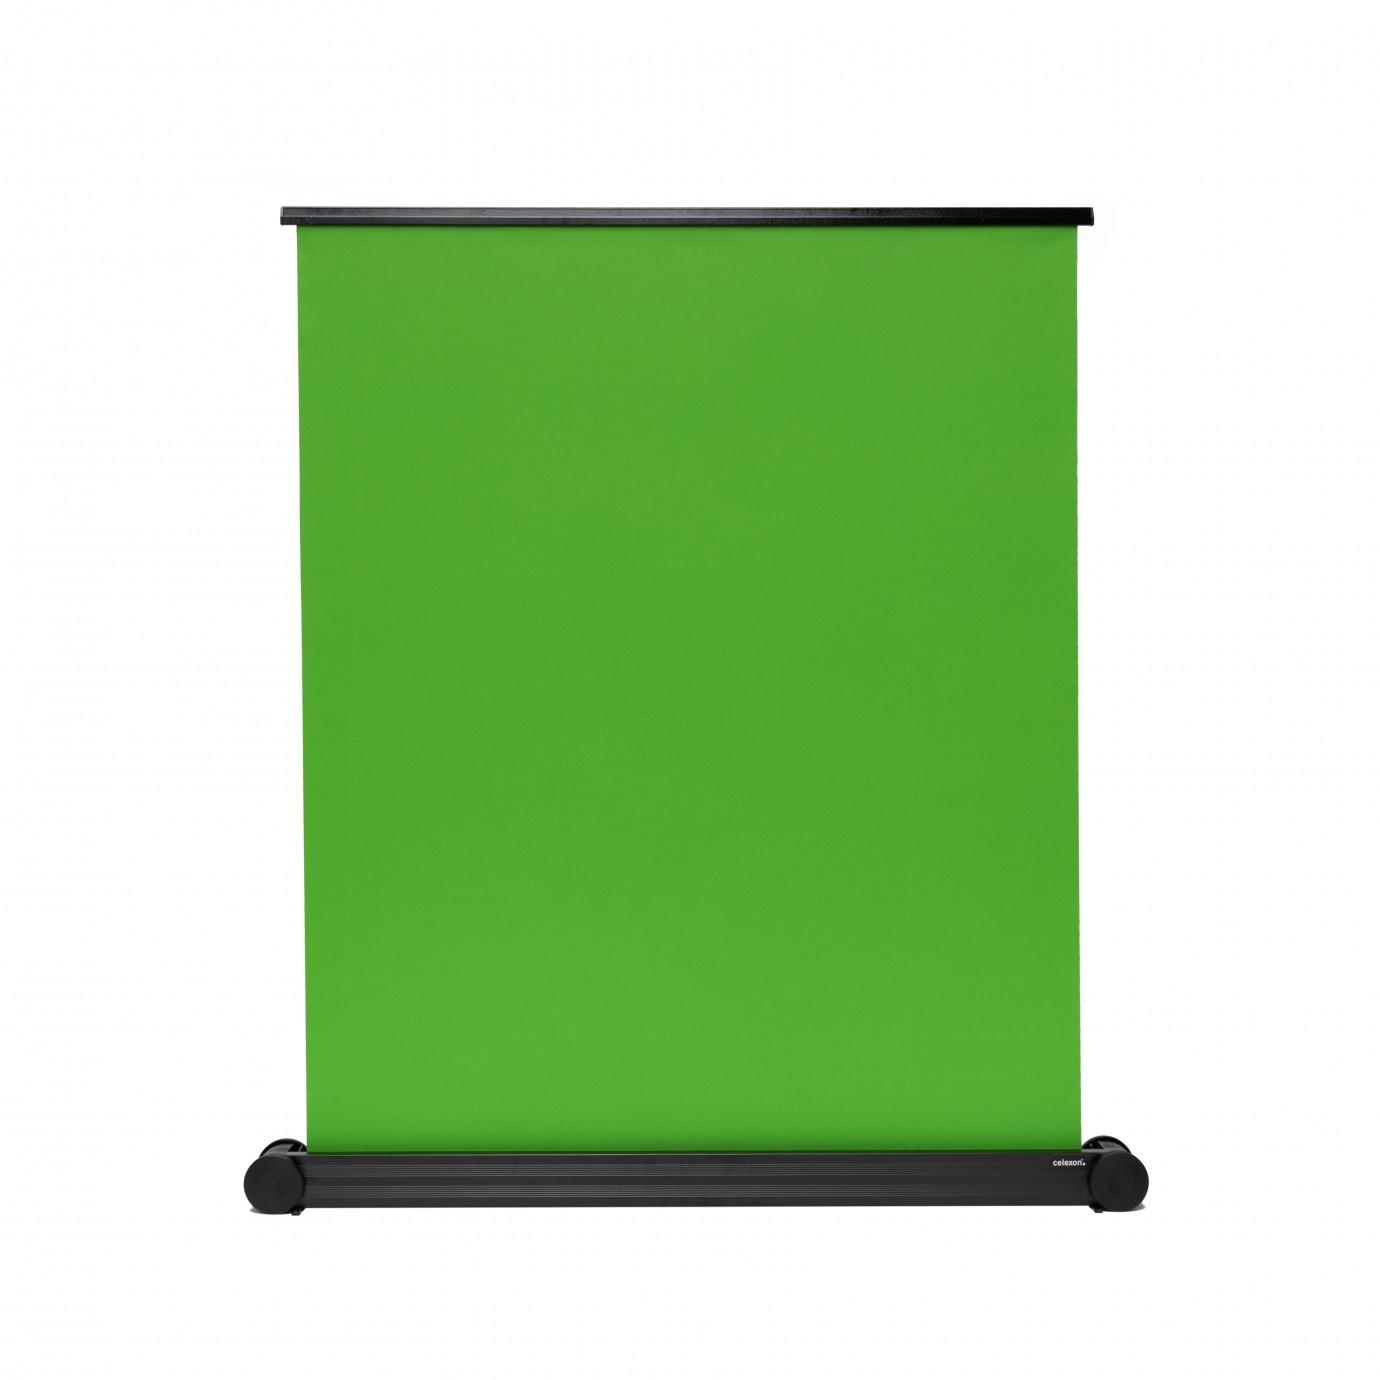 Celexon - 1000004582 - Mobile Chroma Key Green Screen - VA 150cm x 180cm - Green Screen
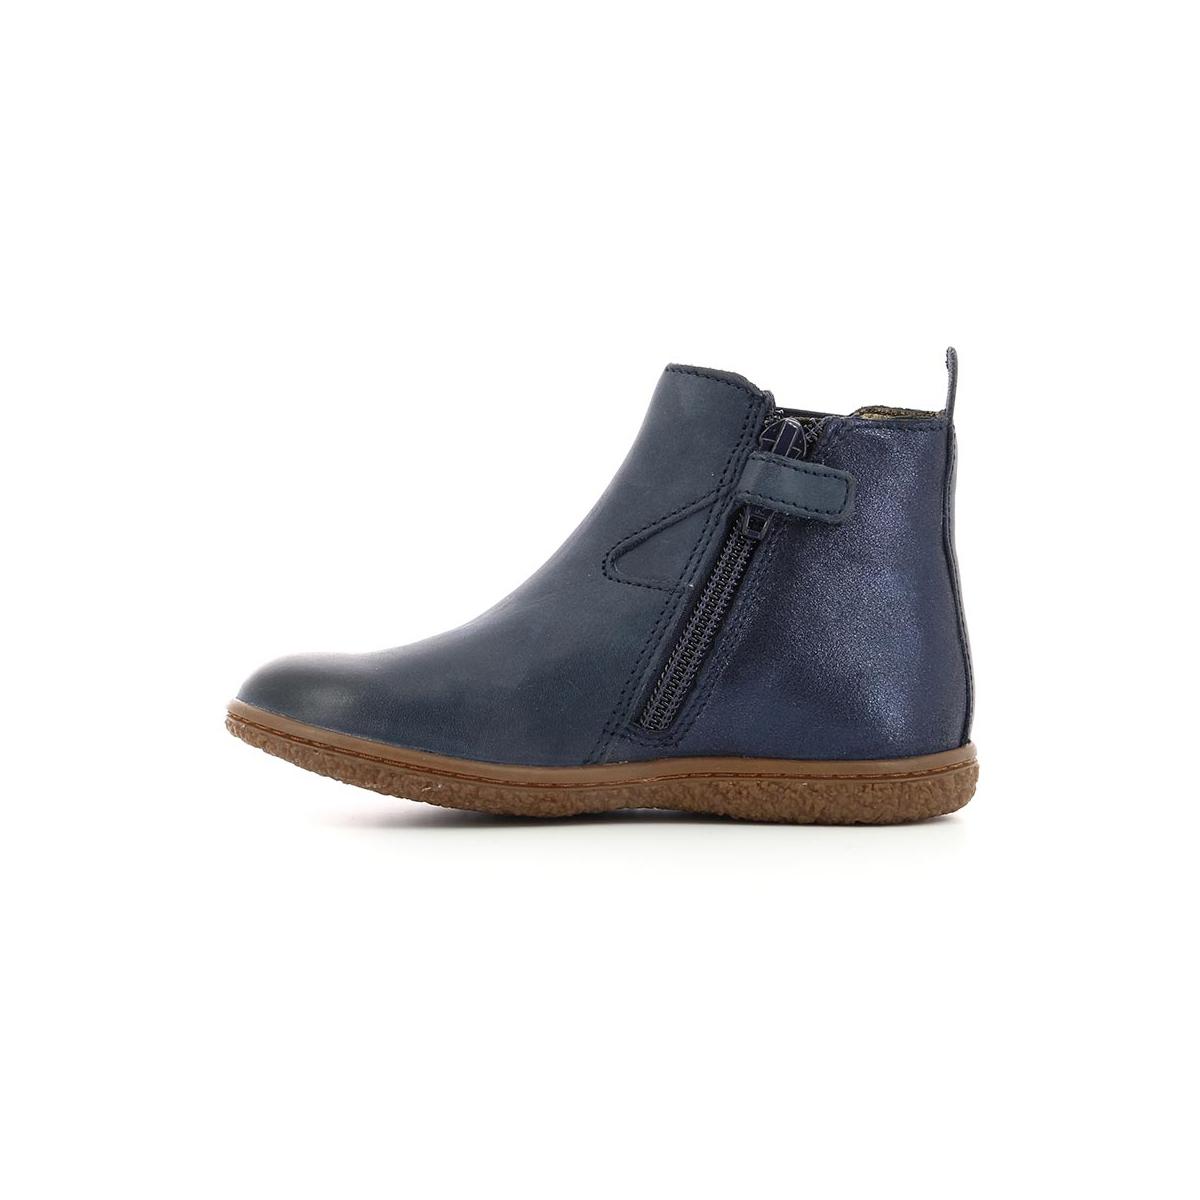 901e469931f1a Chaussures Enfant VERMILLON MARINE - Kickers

==

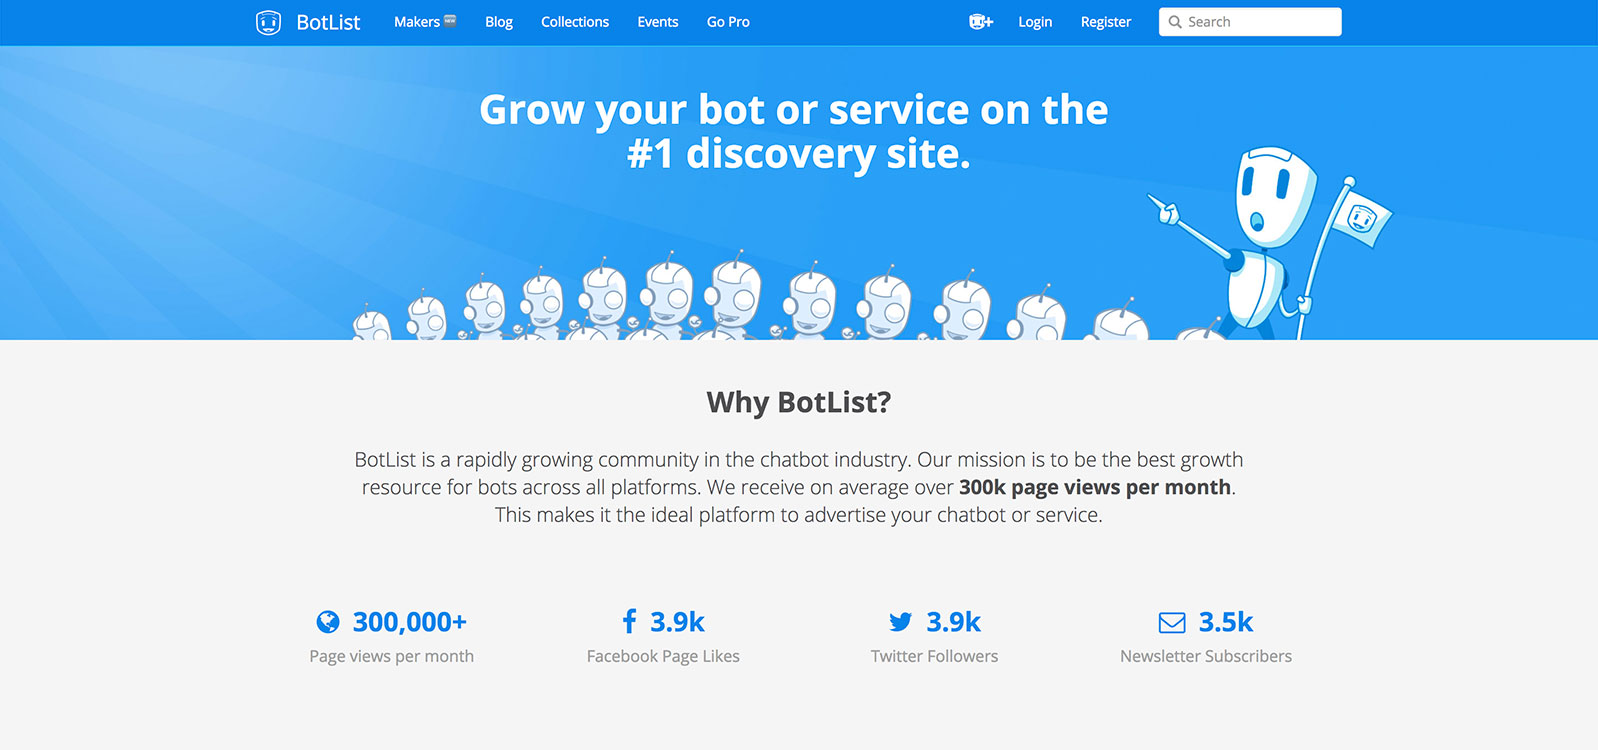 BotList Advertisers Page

● **ACTION ITEM**
In the records above, copy exactly everything from the line that has "Celexon - 1000004582" down to the line that has "901e469931f1a Chaussures Enfant", both ends included, and leave out the pictures.

● **ANSWER FOR THE TASK**
 Celexon - 1000004582 - Mobile Chroma Key Green Screen - VA 150cm x 180cm - Green Screen
 901e469931f1a Chaussures Enfant VERMILLON MARINE - Kickers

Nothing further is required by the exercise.